Involvement of orexin-A on micturition reflex in normal and cyclophosphamide-induced cystitis bladder in rat.

机构信息

Department of Physiology, School of Medicine, University of Occupational and Environmental Health, Kitakyushu 807-8555, Japan.

出版信息

Peptides. 2009 Dec;30(12):2348-56. doi: 10.1016/j.peptides.2009.07.025. Epub 2009 Aug 8.

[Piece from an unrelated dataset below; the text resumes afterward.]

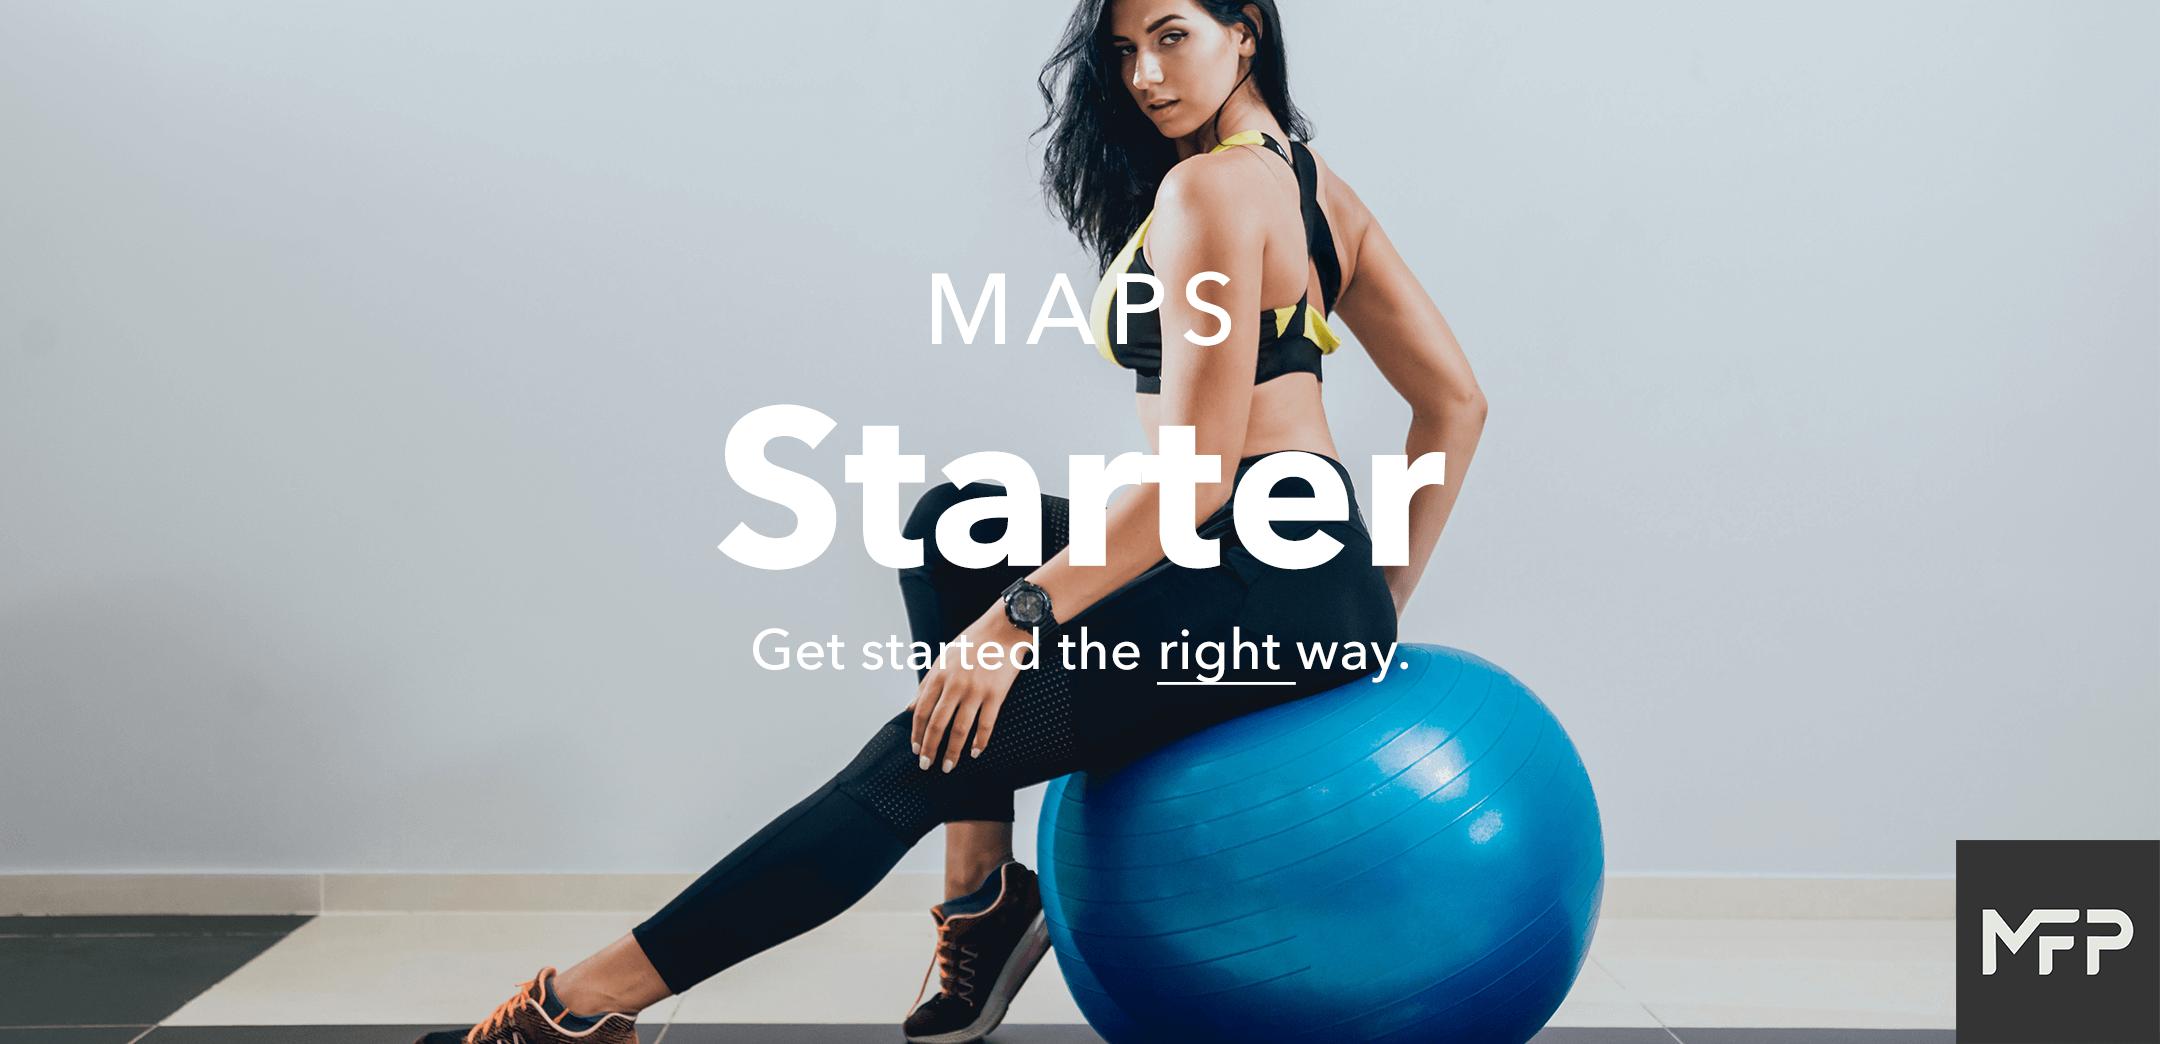 MAPS Starter Landing Page Banner

DOI:10.1016/j.peptides.2009.07.025
PMID:19666069
Abstract

The purpose of the present study was to investigate the effect of orexin-A in the spinal cord on bladder function in normal rats and cyclophosphamide (CYP)-induced cystitis rat models. The effects of intrathecal (i.t.) injection of orexin-A (0.01, 0.1 and 1.0 nmol) on bladder function were examined during continuous infusion cystometrogram (CMG) in urethane anesthetized normal and CYP-induced cystitis rats. The effects of i.t. injection of selective orexin-1 receptor (OXR1) antagonist SB334867 (10 nmol) on orexin-A-induced bladder overactivity in normal rats and SB334867 (10 and 30 nmol) on changes in bladder function in normal and CYP-induced cystitis rats were investigated. The effects of intravenous (i.v.) injection of orexin-A (0.3 and 1.0 nmol) on micturition reflex were also investigated in normal rats. I.t. injection of orexin-A (0.1 and 1.0 nmol) significantly decreased the intercontraction intervals (ICI) in normal and CYP-induced cystitis rats. I.t. injection of SB334867 (10 nmol) significantly increased the ICI of orexin-A induced overactive bladder in normal rats and i.t. injection of SB334867 (30 nmol) also increased the ICI in normal rat bladder. However, in CYP-injected cystitis rat models, i.t. injection of SB334867 did not change the bladder function. I.v. injection of orexin-A failed to affect the bladder function in normal rats. Orexin mRNA levels in the lateral hypothalamus were significantly decreased in CYP-induced cystitis rats. These results indicate that orexin-A in the spinal cord activates micturition reflex via OXR1 in normal rats. In addition, OXR1 antagonist did not have any effect on micturition reflex in CYP-induced cystitis rats.

摘要

本研究旨在探讨脊髓内源性阿片促黑素原(orexin-A)对正常大鼠和环磷酰胺(CYP)诱导膀胱炎模型膀胱功能的影响。在乌拉坦麻醉的正常和 CYP 诱导膀胱炎大鼠持续膀胱测压(CMG)期间,观察鞘内(i.t.)注射不同浓度 orexin-A(0.01、0.1 和 1.0 nmol)对膀胱功能的影响。观察鞘内注射选择性 orexin-1 受体(OXR1)拮抗剂 SB334867(10 nmol)对正常大鼠 orexin-A 诱导的膀胱过度活动以及 SB334867(10 和 30 nmol)对正常和 CYP 诱导膀胱炎大鼠膀胱功能变化的影响。还观察了静脉(i.v.)注射 orexin-A(0.3 和 1.0 nmol)对正常大鼠排尿反射的影响。鞘内注射 orexin-A(0.1 和 1.0 nmol)可显著缩短正常和 CYP 诱导膀胱炎大鼠的膀胱收缩间隔(ICI)。鞘内注射 SB334867(10 nmol)可显著增加正常大鼠 orexin-A 诱导的过度活跃膀胱的 ICI,鞘内注射 SB334867(30 nmol)也可增加正常大鼠膀胱的 ICI。然而,在 CYP 注射的膀胱炎大鼠模型中,鞘内注射 SB334867 并未改变膀胱功能。静脉注射 orexin-A 对正常大鼠膀胱功能没有影响。CYP 诱导膀胱炎大鼠下丘脑外侧区 orexin mRNA 水平显著降低。这些结果表明,脊髓内源性阿片促黑素原通过 OXR1 激活正常大鼠排尿反射。此外,OXR1 拮抗剂对 CYP 诱导膀胱炎大鼠的排尿反射没有影响。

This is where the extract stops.